When Exactly Did Cap Discover The Truth About Bucky and Iron Man's Parents?

A glaring jump in logic, or justified assumption?

Marvel Studios

The following article contains spoilers for ‘Captain America: Civil War’.

There was a moment in watching Captain America: Civil War when time stopped for me. Just as the surging alliances and hidden aggression had boiled to a frothy crescendo, Iron Man (Robert Downey Jr.) looked at Captain America (Chris Evans) and demanded, “did you know?” Iron Man was, of course, referring to the fact that a brainwashed Bucky Barnes (Sebastian Stan), acting as the Winter Soldier, murdered young Tony Stark’s parents. Cap answered, waveringly, that he did know.

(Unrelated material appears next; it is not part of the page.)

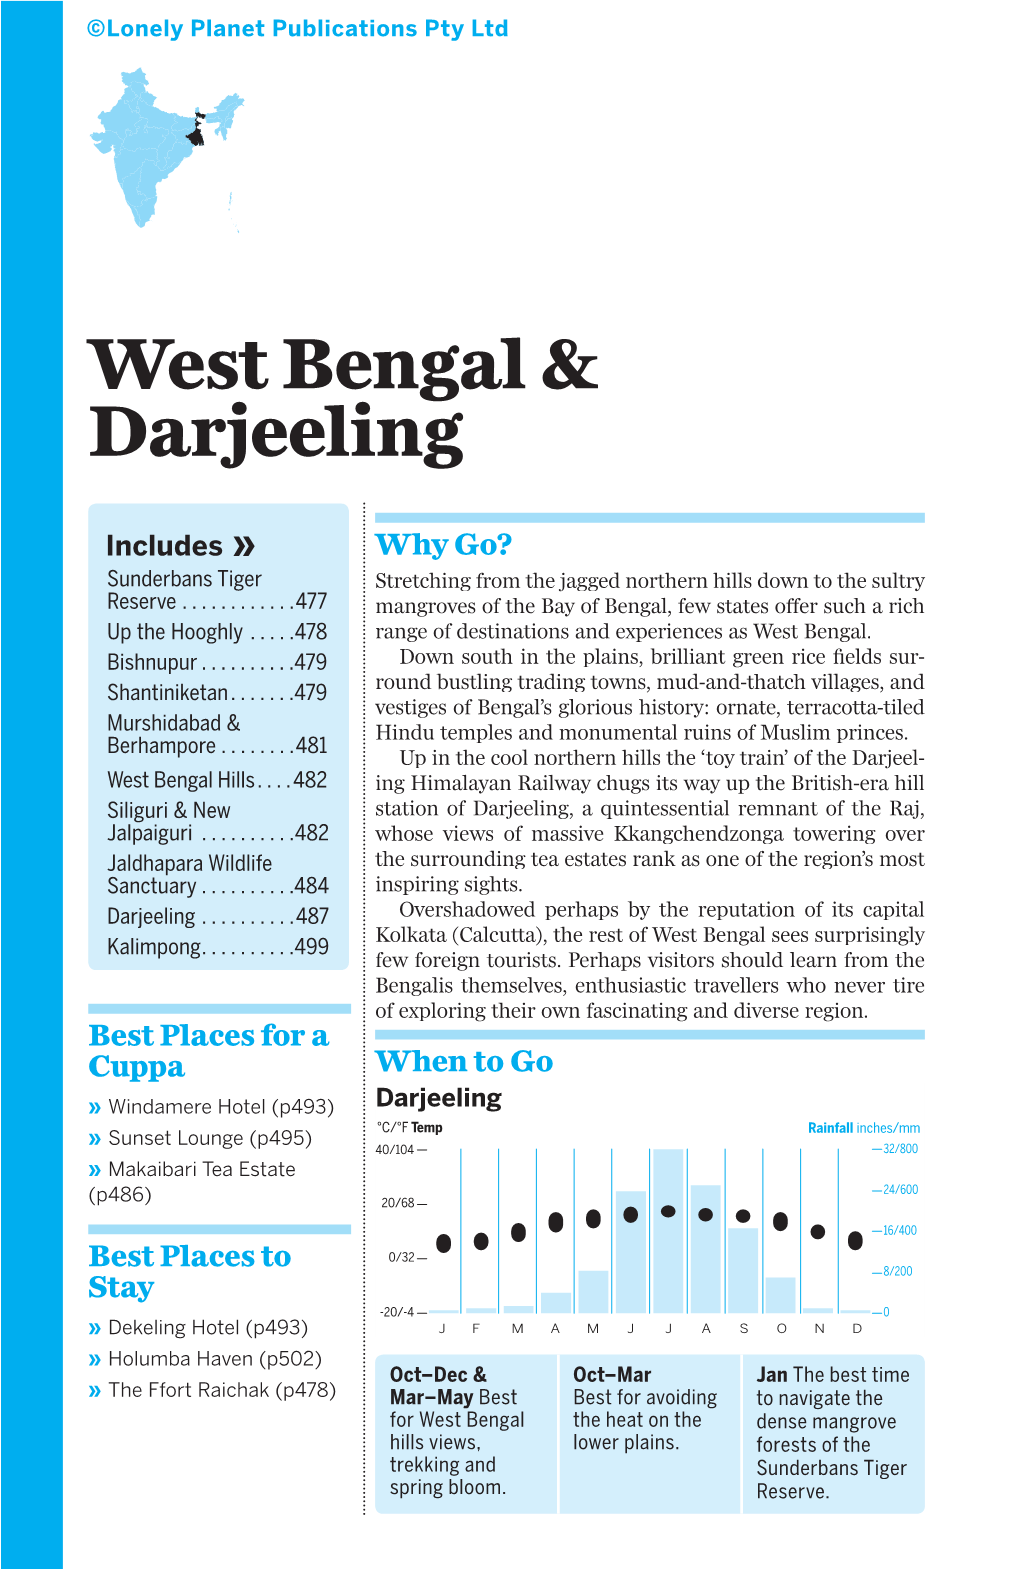 West Bengal & Darjeeling

When I should have been wrapped up in the drama of it all, I was jarringly reminded of the MCU’s rapid expansion, and how the whole enterprise is beginning to fold in on itself. Suddenly, there was a plot-hole which, frankly, still bothers me: when in the hell did Captain America find out about Bucky killing the Starks?

John Slattery as Howard Stark in 'Ant-Man'

Marvel Studios

How did Rogers know about this secret incident, which Zemo spends most of the movie trying to uncover, in order to set off the final battle between heroes?

Did Bucky tell Steve that he killed Stark’s parents? Did Steve uncover Bucky’s backstory in the HYDRA mystery files in Captain America: The Winter Soldier? How was it that Zemo spent an entire film and a globe-trotting adventure into the Siberian wilderness only to reveal to Tony what Steve apparently knew all along? Wouldn’t Steve think twice about having Bucky and Tony in close proximity to one another, for fear that this sort of information might eventually bubble up?

This sudden revelation spells out a few problems for the film, and for the Marvel Cinematic Universe as a whole. First, from a storytelling perspective, this is a pretty big revelation to just drop on the viewers out of nowhere. That the filmmakers chose to reveal this tidbit, without warning, in a film already pushing the normal length of most other films, means that even with the multi-film foundations of the MCU, important details can still slip through the cracks. Second, even if this revelation was hinted at in The Winter Soldier, this demonstrates that juggling all the facts across the greater MCU is becoming a hurdle for fervent viewers and casual spectators.

This might seem nitpicky, but details are starting to get lost in the conversation, and it’s one of the reasons why Civil War feels like the first movie in the MCU that requires a syllabus of prior Marvel films in order to fully appreciate and comprehend.

Original Phase 3 timeline. Not included: Spider-Man Homecoming

Marvel Studios

For the most part, this shouldn’t be a problem. Audiences seem receptive to follow along the yearly MCU output. But slowly, new viewers could face the same problem that hinders new comic readers, namely the barrier of entry slowly erecting around the newest Marvel movie (or any superhero film, for that matter).

Consider the new price of admission. $20 blu-ray per Marvel film since the first Iron Man, or those very expensive Phase 1 and 2 collections that are hundreds of dollars each. If, say, you want an immediate refresher you can also expect the annual marathon events held by theaters. The Phase 2 marathon ran at an insane 29 hours. Assuming the next several films toe the two hour mark, the next Avengers marathon will clock in past two days. They could also go the DC route and release uncut blu-rays that add an hour of extra content to the existing theatrical run. The MCU is quickly dwarfing the length of any continuous film series in sheer runtime.

I don’t intend to use this issue as my soapbox, wearing an “End is Nigh (for the MCU)” board as I rant. Truthfully, however, the franchise is beginning to bloat, and I’m hoping Marvel has a contingency plan for when the third Avengers films drops. We can’t afford to root the climax of future films in details revealed in inorganic-feeling ways.